Sine we know that \[\sin (-x)=-\sin x\], we can rewrite the equation as,

\[\dfrac{\sin \theta }{\cos \theta \cos 2\theta \cos 3\theta }\left[ -2\sin 2\theta .-\sin (\theta ) \right]=0\]

By simplifying the above equation, we can equate:

\[\Rightarrow {{\sin }^{2}}\theta =0\] and \[\sin 2\theta =0\].

As we know that the general solution for \[{{\sin }^{2}}\theta ={{\sin }^{2}}\alpha \] is \[\theta =n\pi +\alpha \] and for \[\sin \theta =\sin \alpha \] is \[\theta =2n\pi +\alpha \].

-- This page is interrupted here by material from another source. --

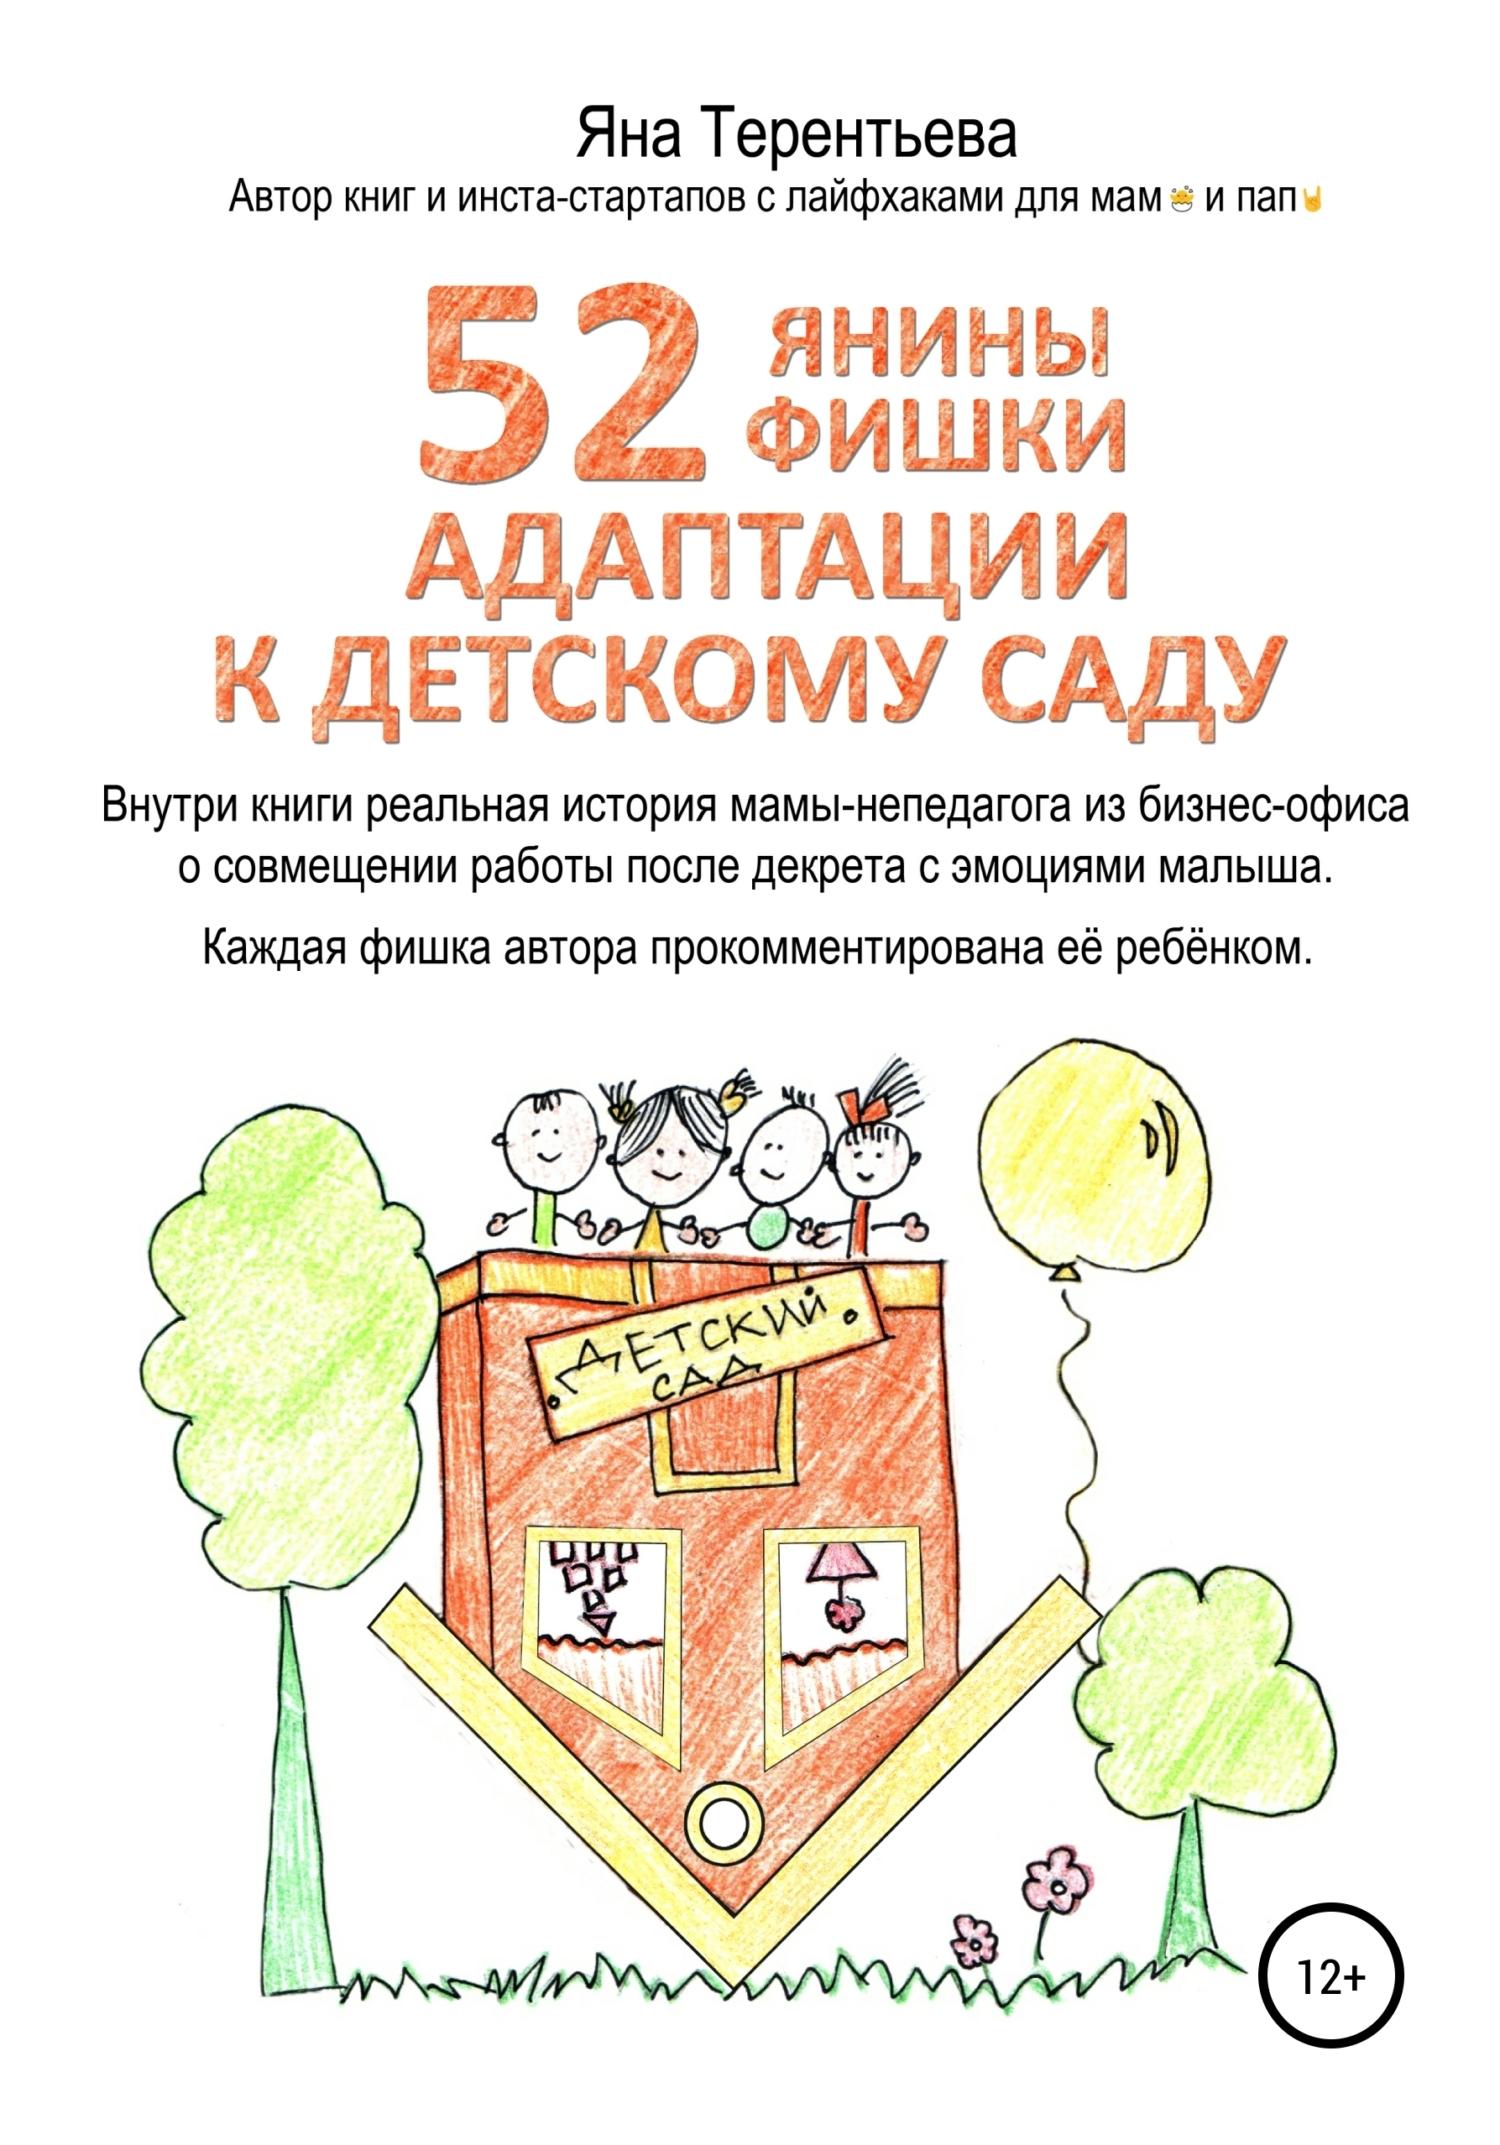 52янины фишки адаптации к детскому саду

\[\Rightarrow \theta =n\pi \] and \[2\theta =n\pi \Rightarrow \theta =\dfrac{n\pi }{2}\].

But \[\theta =\dfrac{n\pi }{3}\] is rejected when n is odd as it makes \[\infty =\infty \].

Therefore, \[\theta =n\pi \] is the solution of the given equation as it makes 0 = 0.


Note: Check the final solution by substituting these values in the given equation.

Also, be careful while substituting the trigonometric identity in the equation as there is a chance that you might put the wrong sign.